忽然,白素贞阴核和乳尖上方的触手各生出一个黑色的倒刺,瞬间分别刺入了白素贞的玉核和蓓蕾。一股黑色的汁液随之被注入白素贞体内。最敏感的部位同时被袭,白素贞不由得檀口微分,一声娇喘逸出。唇边的触须立刻伸入白素贞口内,并且膨胀数倍,像另一根阳具,在白素贞芬芳甜美的口内来回抽插起来。
        卑鄙残忍的王道陵,爲了彻底摧毁和占有这个美貌如仙的无辜蛇妖,居然把自己身上携带的至阴至淫之毒注入了一半到白素贞冰清玉洁的体内。白素贞从此被推入万劫不複的深渊,
再难回头。
        白素贞忽然觉得自己的五髒六腑都着了火,全身燥热欲绝。全身麻痒的感觉被扩大了百倍,好像有无数只蚂蚁占据了自己的子宫和阴道,在哪里爬动,撕咬。几条触手一刻不停地挑弄着她的阴核,蓓蕾,耳垂,舌尖。那种热辣辣的快感再也难以忍受,她觉得自己的灵魂都要被烧熔了。她闭上眼,任这个陌生男人在自己身上肆虐,纤美苗条,优美玲珑的胴体如蛇一般婉转扭动着,贪婪地享受这欲仙欲死的销魂快感。浑然忘记了自己正被淩虐的事实。她只知道那根在她下体内来回抽动的大阳具才能让全身的麻痒炽烈的感觉稍微舒缓,她要它,哦,深一点,再深一点,再深一点…….
        然而就在这时,王道陵忽然停止了抽动,等待着白素贞的反应。
        这时候淫毒已经在白素贞体内扩散开来。肉棒忽然止住让她几欲疯癫,她难过地扭动着身子哀求道:
        “不要停…….继续……”
        “继续什麽啊,我的小妖精?”王道陵不爲所动。
        “继续……干我……干小妖精……”白素贞说完这句话,俏脸红如烈火。但是她身体内的烈火更炽更盛,淫毒散入血液,白素贞觉得全身的每一寸肌肤都麻痒欲死。可是一双玉手仍被缠在身后。她拼命挺动着高耸白嫩的玉臀,想靠大阳具的摩擦减轻一点体内的淫火。曾经清纯高贵,圣洁美貌的白素贞,在男人的淩辱与至邪淫毒的夹击之下,已完全成了一条不可救药的肉欲之蛇。王道陵继续挑逗道:
        “要谁干你啊?”
        “小蛇妖白素贞要蜈蚣哥哥干……..”勉强说完这几句话,白素贞恨不得有个炸雷下来把自己立时劈死。

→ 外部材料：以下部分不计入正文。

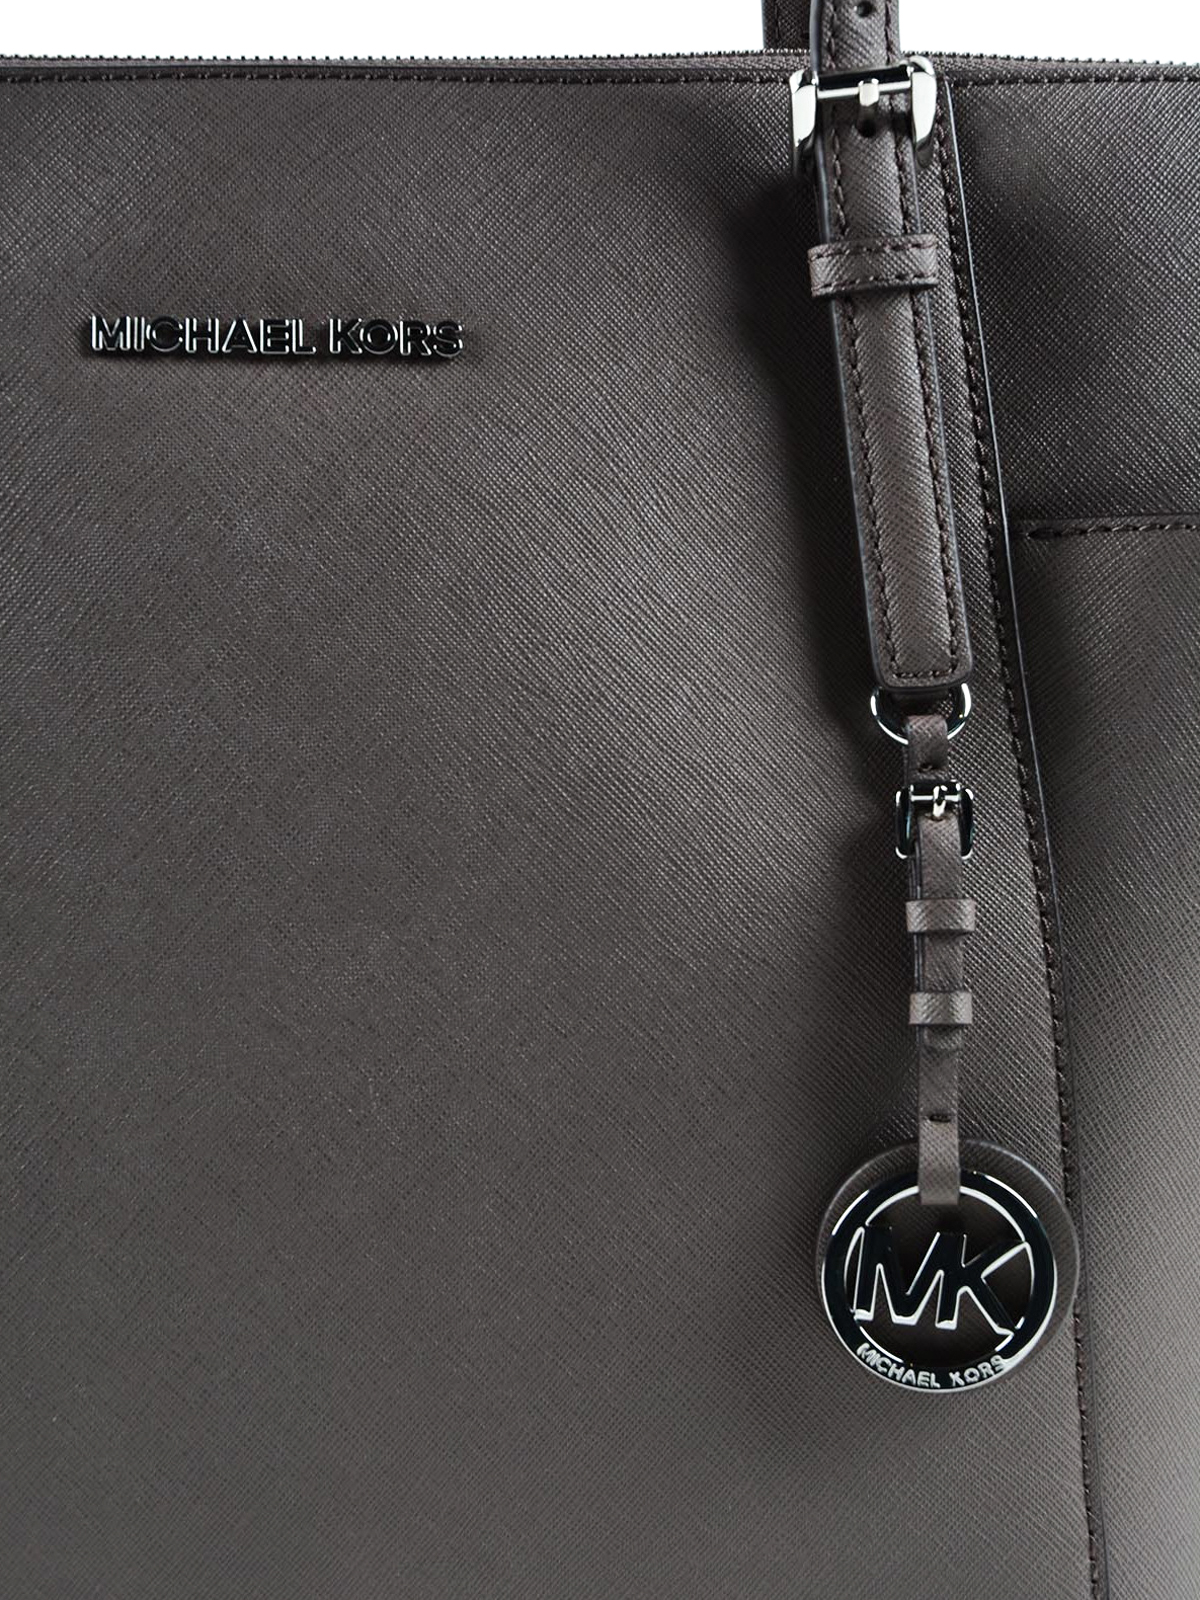 Michael Kors Jet Set Large Saffiano Leather Shoulder Bag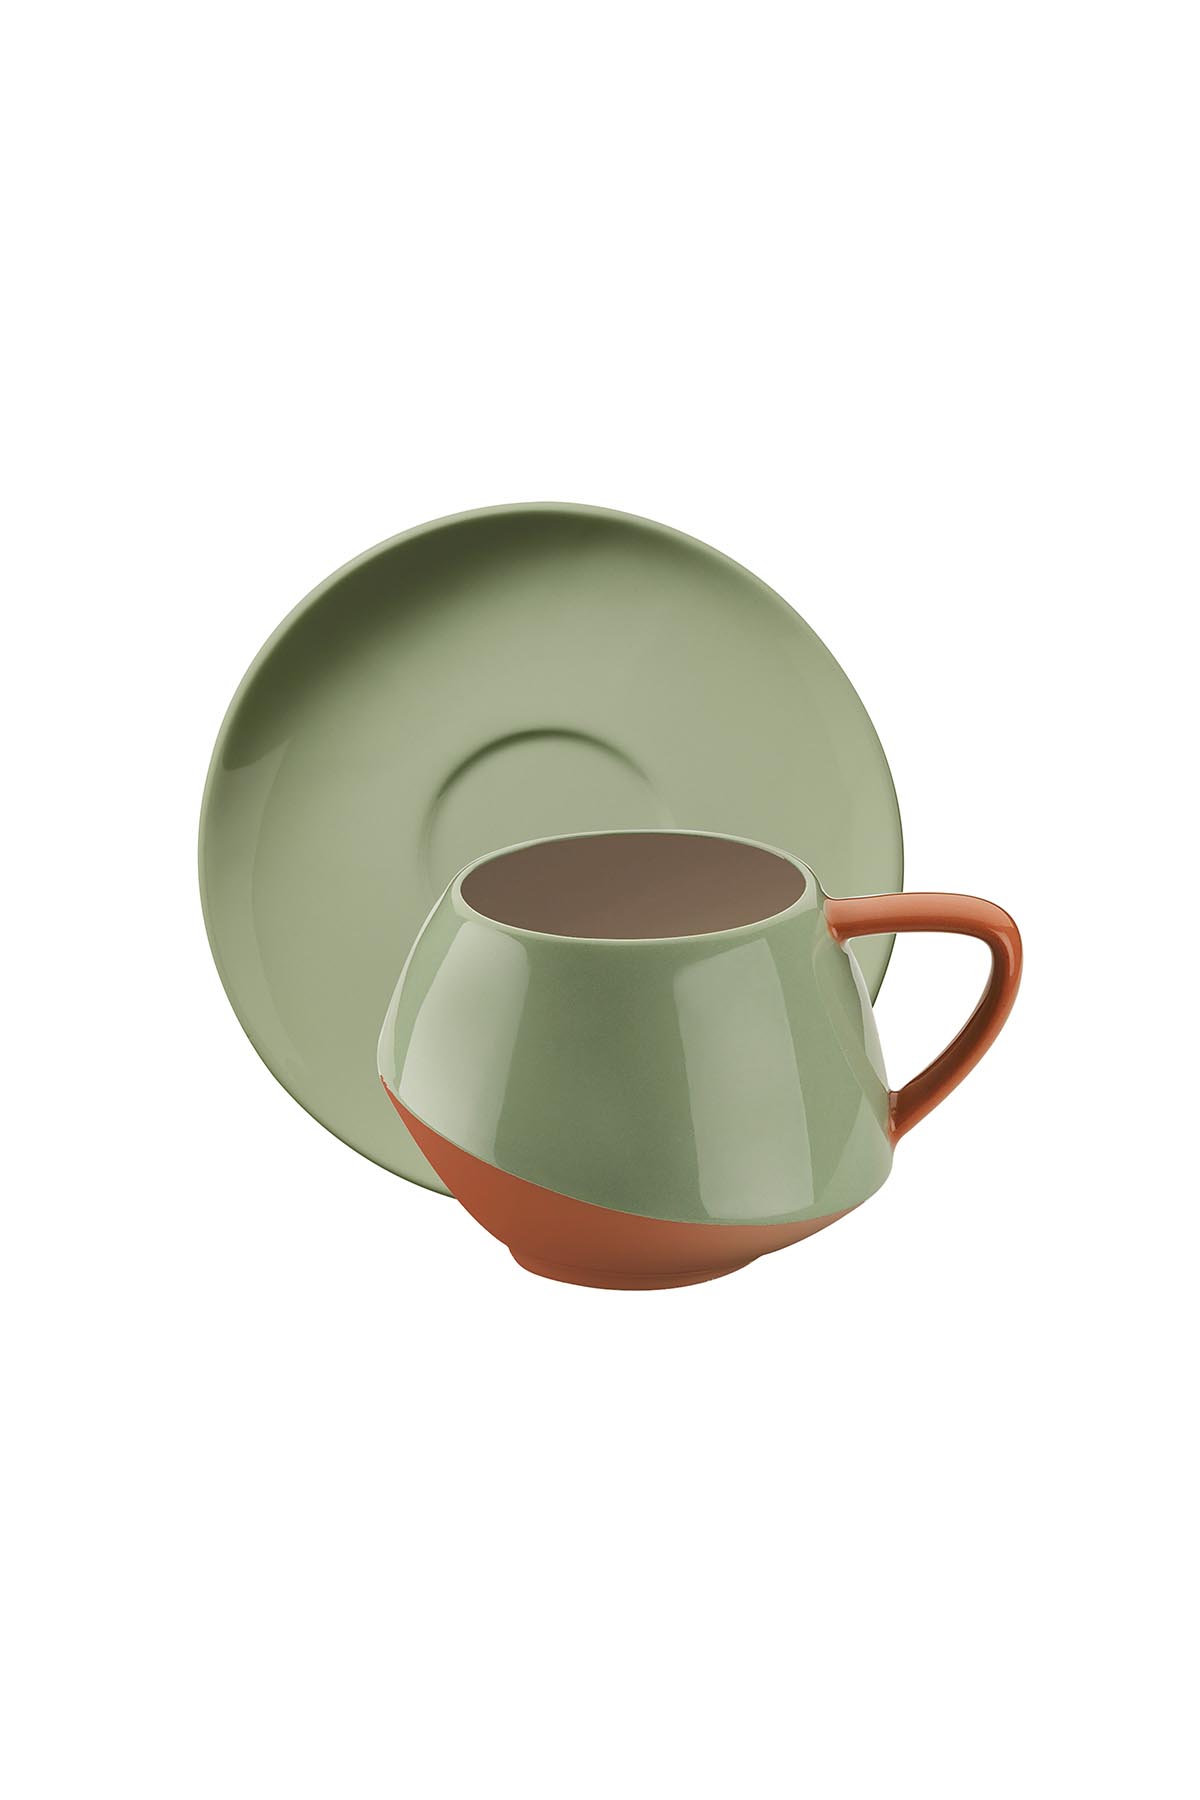 Kütahya Porselen Aura Çay Takımı Krem-Yeşil-Bej-Kırmızı

        “哦,真是个蕩妇啊,你就那麽喜欢男人吗?”王道陵仍不满足。
        “…..小蛇妖最喜欢男人,喜欢被男人操…..求你…..狠狠地操小蛇妖吧…….”
        说完白素贞的泪水夺眶而出。可是心里的欲火却因爲自己淫蕩的话语而更加旺盛。
        王道陵也不再逗弄,他挺身抽送,比刚才更爲暴烈。每一下都直抵白素贞最娇嫩敏感的子宫花心。白素贞好像被抽取了骨头一般,上身伏在地上无力动弹。随着王道陵抽插速度的越来越快。白素贞终于忍不住含糊不清地娇啼起来,而且声音愈来愈淫蕩。
        “呜呜……好相公,好哥哥…….小妖精被你干死了……..”
        王道陵把这个外表清纯娇美,内心淫蕩无比的千年蛇妖干的死去活来,惨呼连连。在巨大的快感之中,他渐渐也有些支持不住了。他再聚齐一股真气,大阳具在白素贞的花径内痛捣数百下,可怜的白素贞蜜洞内花蜜四溢,四下飞溅,许仙一次都没触到的花芯被蜈蚣精一次次地击中。每一次都令她魂飞魄散,婉转娇啼。
        终于,在王道陵暴长凶悍的阳具再一次击中花芯的瞬间,白素贞的子宫深处喷出一阵稠密芬芳的花精。这位千娇百媚的玉女蛇妖,在男人的淫虐里达到了高潮。伴着她娇美玉体一阵癫狂的抽搐,白素贞在肉欲的巅峰昏死了过去。